“A generation of very average MDs in banks will be wiped out in London”

Adrianne – Equity Trader

For most people in the UK, the removal of the EU cap on banking bonuses is a signal that bankers’ pay is being unleashed to levels last seen over a decade ago. “It feeds into a clear them-and-us narrative,” says Larry Elliott in the Guardian. “Bankers will be whooping it up in the champagne bars of Canary Wharf.”

Actually, it’s far more nuanced. For a generation of senior bankers who’ve got used to collecting the enormous salaries associated with the bonus cap, its demise will mark the end of an era. 

“Banks now have some very average people sitting on very high salaries who don’t really do much except clip the coupon and collect their high base pay,” says one headhunter with a previous career in trading. “If salaries are reduced, banks will be able to get rid of this entire generation of overpaid MDs that emerged since the crisis.”

The EU bonus cap was introduced in 2013. It restricts bonuses for regulated staff (‘material risk-takers’) to no more than twice salaries. Before the cap was introduced, bonuses for managing directors in investment banks were typically in the region of £250k ($283k) Within three years, they’d risen to up to £550k. In 2020, average salaries for material risk-takers at JPMorgan in London were £667k ($756k at the current exchange rate) and £638k at Morgan Stanley. Managing directors and material risk-takers are typically synonymous, and headhunters say salaries can be higher still: “A few MDs are getting north of £700k sterling,” says one senior fixed income headhunter in London.

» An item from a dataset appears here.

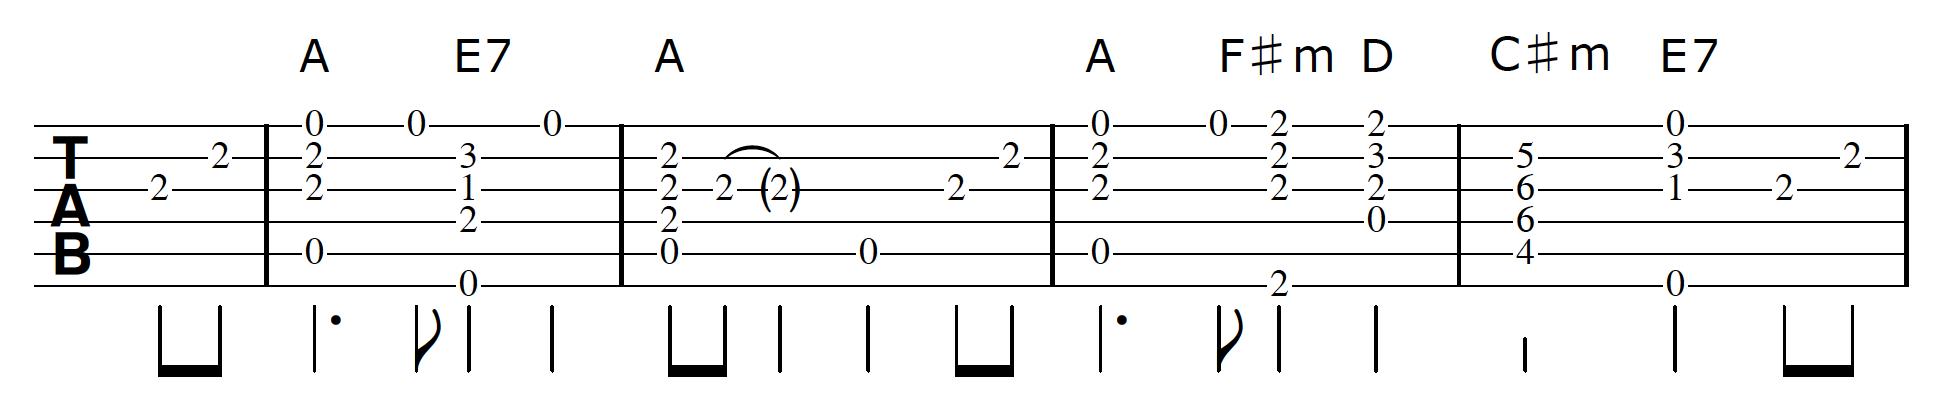 Parallel Key Modulation Arrangement 1

Alongside elevated salaries, which vary from MD to MD, senior staff can also receive “role-related allowances” which bump pay higher still. In 2021, for example, Daniel Pinto the then-London based head of JPMorgan’s investment bank received a salary of $475k and a role-related allowance of $7.6m to help compensate for the restrictions on his bonus. 

While the high salaries resulting from the bonus cap have directly benefited senior bankers, whose compensation is now less volatile, it’s also made it more costly for banks to let them go. Severance pay is usually one month’s salary for each year of service: if salaries are high, letting go of senior staff is proportionately more expensive. 

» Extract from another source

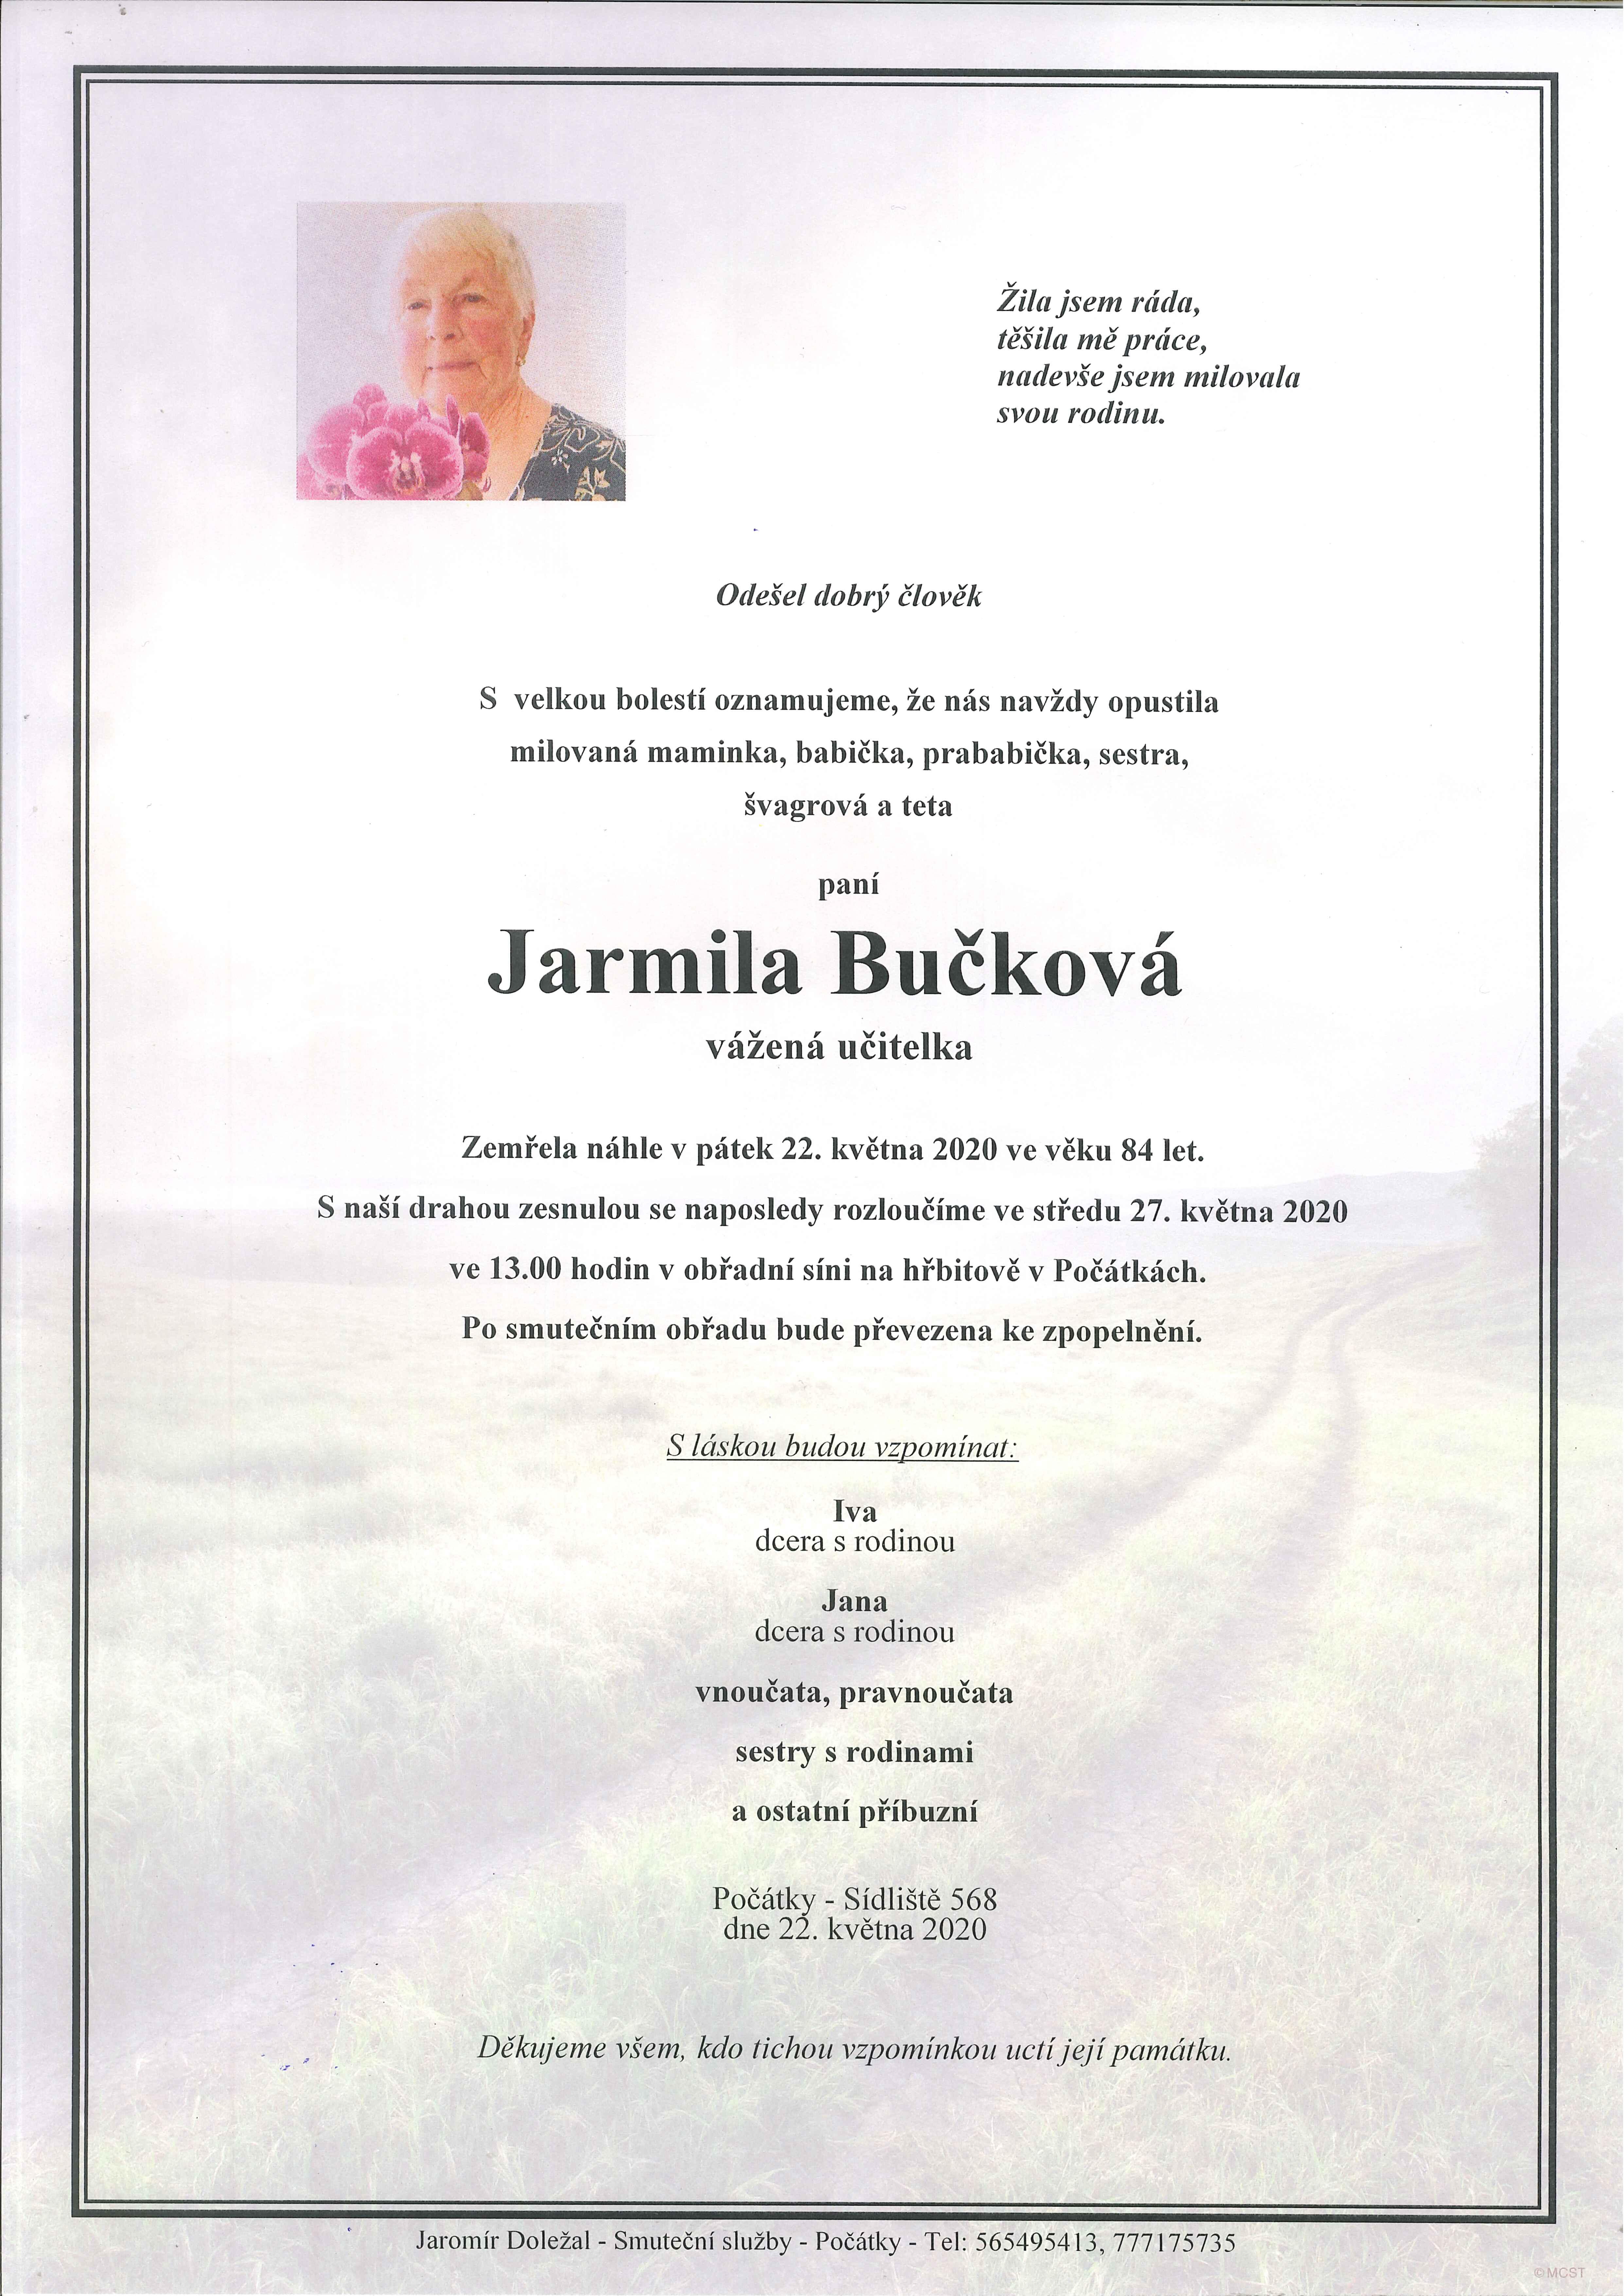 Jarmila Bučková

In combination, higher severance and higher salaries have therefore arguably fostered a generation of mediocre performers on enormous fixed pay who are too expensive to let go. If salaries are cut and compensation is skewed back to bonuses, the argument goes that those overpaid underperformers will finally move on, and that this will be good news for younger generations coming up behind them. “A generation of very average MDs in banks will be wiped out in London,”predicts one headhunter.

Or will it? The elephant in the room is the difficulty in cutting salaries for existing staff, who would need to sign new contracts. “It would be an interesting challenge for banks to lower salaries,” says Peter Hahn, Emeritus Professor of Banking and Finance at the London Institute of Banking and Finance. “- Getting everyone to sign a new contract would be constructive dismissal.” Few senior bankers will be inclined to accept a substantial salary cut, says Hahn. While bonuses are typically used for investments or luxuries, fixed pay dictates lifestyle: “People expand their lifestyles according to their salaries,” Hahn observes. 

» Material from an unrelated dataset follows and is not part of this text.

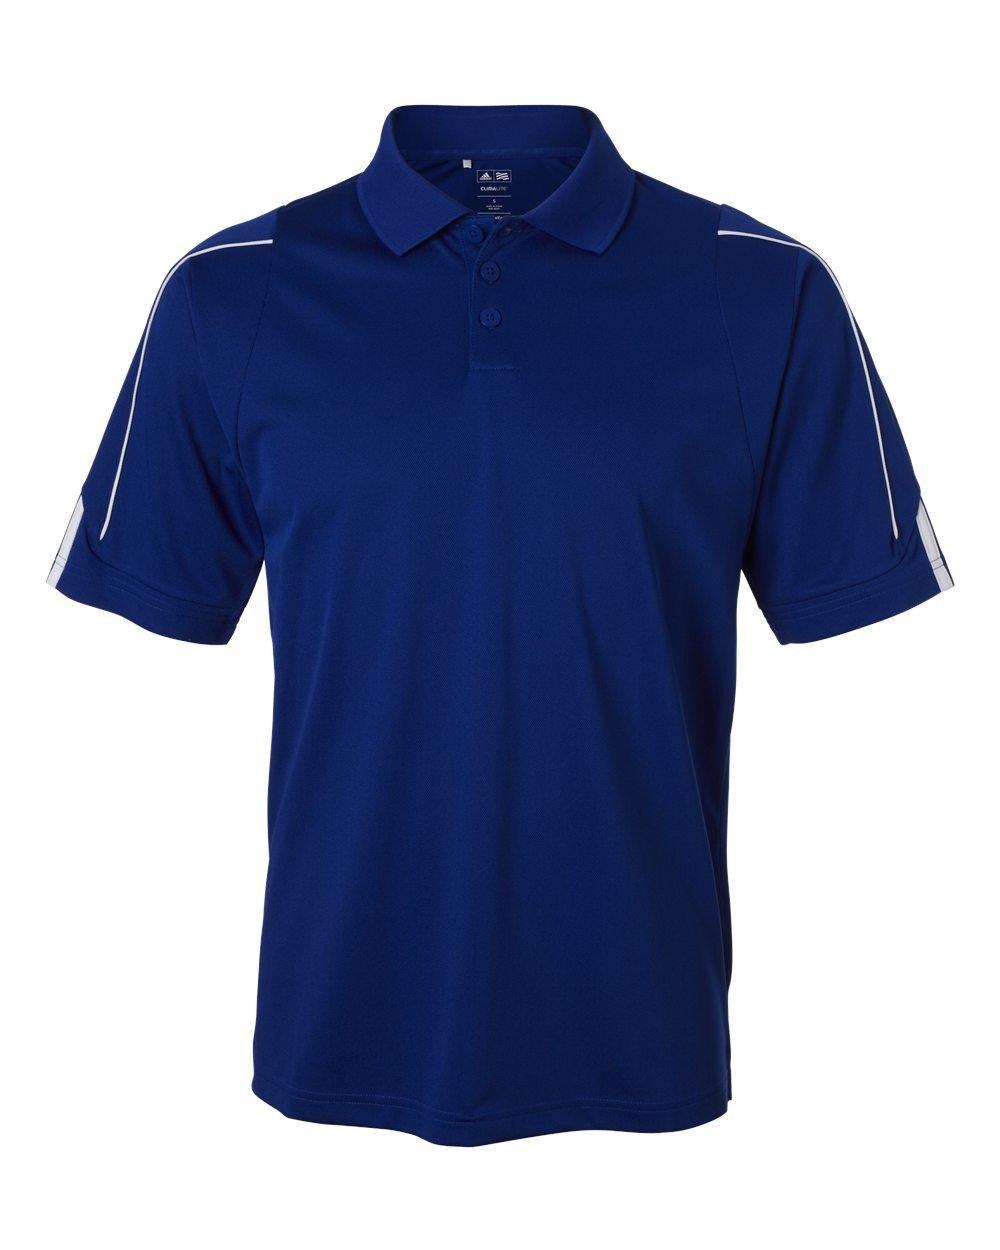 Adidas Men's ClimaLite 3 Stripes Cuff Polo Shirt, Small, COLLEGIATE ROYAL/WHITE

Instead of salaries, therefore, role related allowances are likely to be cut first when the bonus cap is removed. However, Hahn predicts that banks could be less inclined to increase salaries for newly promoted managing directors and directors in the future. Instead, they will receive lower salaries than their predecessors, accompanied by higher bonuses.  This could create tensions of its own: recent increases in salaries for analysts and associates would mean that juniors’ fixed pay seems relatively lavish.

Rebalancing London banking compensation after the elimination of the bonus cap could take years, says one headhunter, predicting that it will be an eight-year process as all the existing MDs on fat salaries are removed. The exception might come if there are widespread redundancies at the end of this year and into next as lurking write-downs bite. In this case, senior bankers might be persuaded to accept lower salaries in return for keeping their jobs. 

In the meantime, most people in banking are mystified by the rationale behind Kwasi Kwarteng and Liz Truss’s move to remove the bonus cap. Traders on Bloomberg are reportedly betting on which bank Kwarteng will join in 2026 after being voted out of office.